У Лавинии холодок пробежал по спине, но она все так же спокойно продолжала расспрашивать взволнованную девушку:
— Что же ты замолчала? Мне так интересно! Продолжай, чего ты боишься, ведь все уже позади!
— Ах, госпожа, позади-то позади, а как вспомню — так вся и холодею! Потом, как она мне сказала, что Лограс — это моя судьба, сразу куда-то исчезли и птицы, и мыши, а глаза у колдуньи сделались обыкновенными, черными и совсем не злыми. Она погладила меня по голове и сказала: «Ты — храбрая девушка, раз пришла ко мне! Это ты правильно сделала, за счастье надо бороться! Если оно твое, никому его не отдавай!» Она долго еще что-то бормотала и ласково гладила меня по голове. Я так разомлела, что чуть не уснула. А когда я с трудом открыла глаза, у старухи на ладони лежал медальон, вот этот. — Йонда показала простенький медальончик, висевший на ее шее. Ничего особенного, тускло поблескивающий овал из светлого металла с маленьким цветком из голубых камешков посередине. Черный шелковый шнурок, на котором он висел, ярко выделялся на нежной коже, отчего шейка девушки казалась еще белее.
— И на другой день, госпожа, он вдруг так переменился, мой Лограс. Когда я шла мимо него, он вдруг остановился и посмотрел на меня таким взглядом, что я подумала: может, он принял меня за мою госпожу, прекрасную герцогиню?!
Лавиния, смеясь, потрепала девушку по щеке:
— Ну, вот ты уже и шутишь, значит, все страхи прошли!

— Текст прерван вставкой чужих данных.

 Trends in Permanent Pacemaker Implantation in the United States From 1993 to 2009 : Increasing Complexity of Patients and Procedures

Так, выходит, теперь он смотрит только на тебя? А как же гордячка Бригинда?
— Она поглядывает на меня, словно взбесившаяся кошка, но после старухиных страхов я уже ничего не боюсь, лишь бы мой Лограс был со мною! А он будет со мною, и больше мне ничего не надо!
— А где, ты говоришь, живет старуха? Я что-то забыла… Представляю, как было страшно идти туда одной в темноте! Ты из какой калитки вышла?

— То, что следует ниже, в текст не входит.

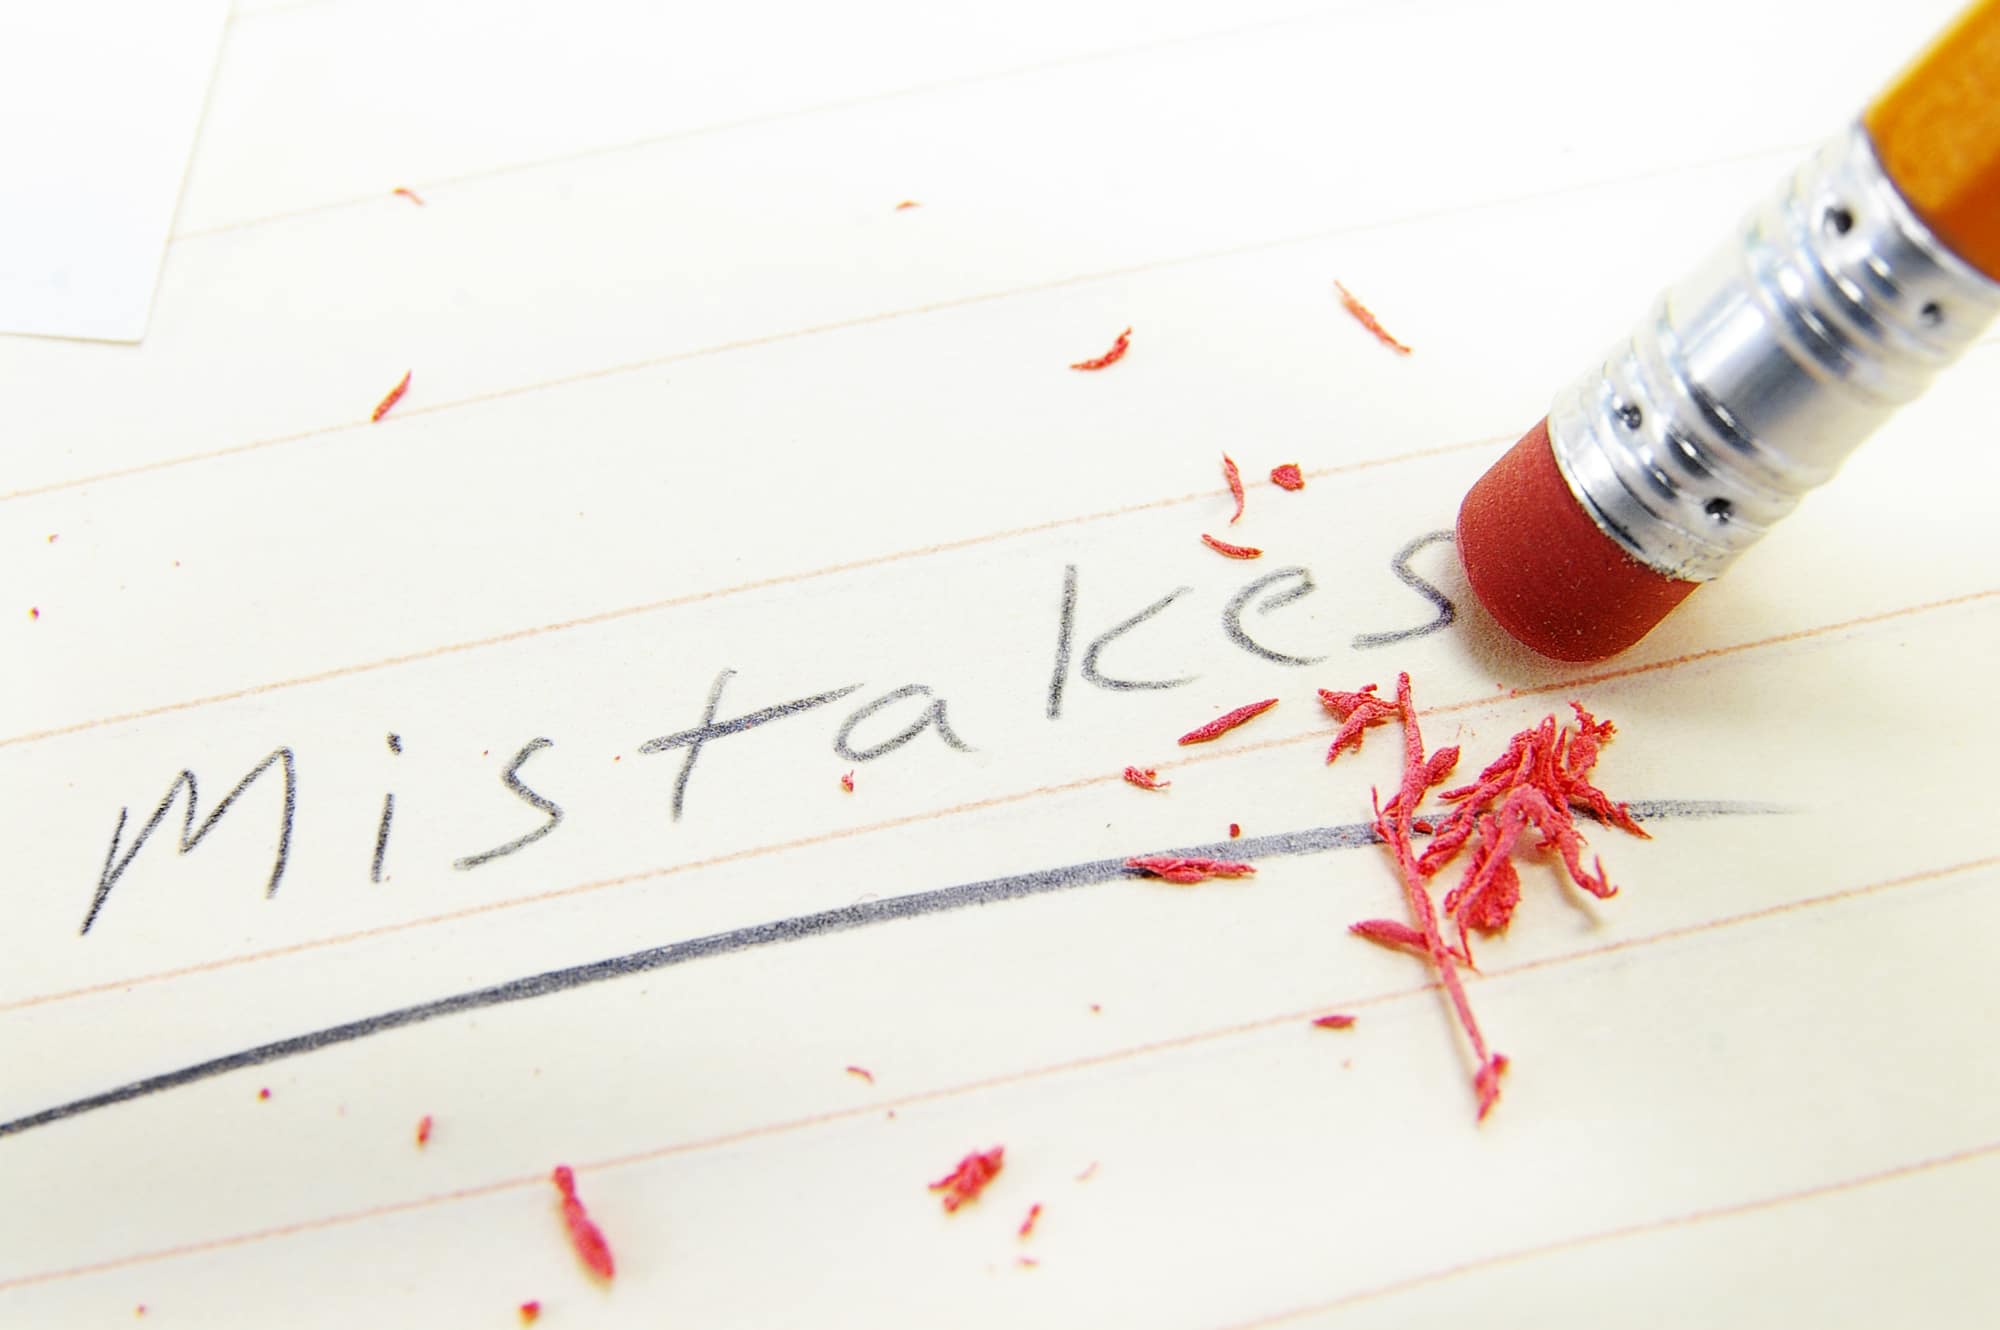 What Are the Top 3 Mistakes Entrepreneurs Make?

— Из западной, потом прошла всю аллею до конца, вышла на улицу Алой Башни и свернула в третий переулок. А там, в самом конце, перешла через овраг и повернула направо. Отсчитала почти на ощупь пятый дом — и вот тут-то и выглянула луна. Я ведь сначала днем туда сходила, чтобы ночью не заплутать, и запомнила этот дом по высокому засохшему дереву во дворе. Там больше нигде таких нет, везде только низкие кусты. Ох как было страшно ночью! — И она опять вздрогнула, вспоминая свое приключение.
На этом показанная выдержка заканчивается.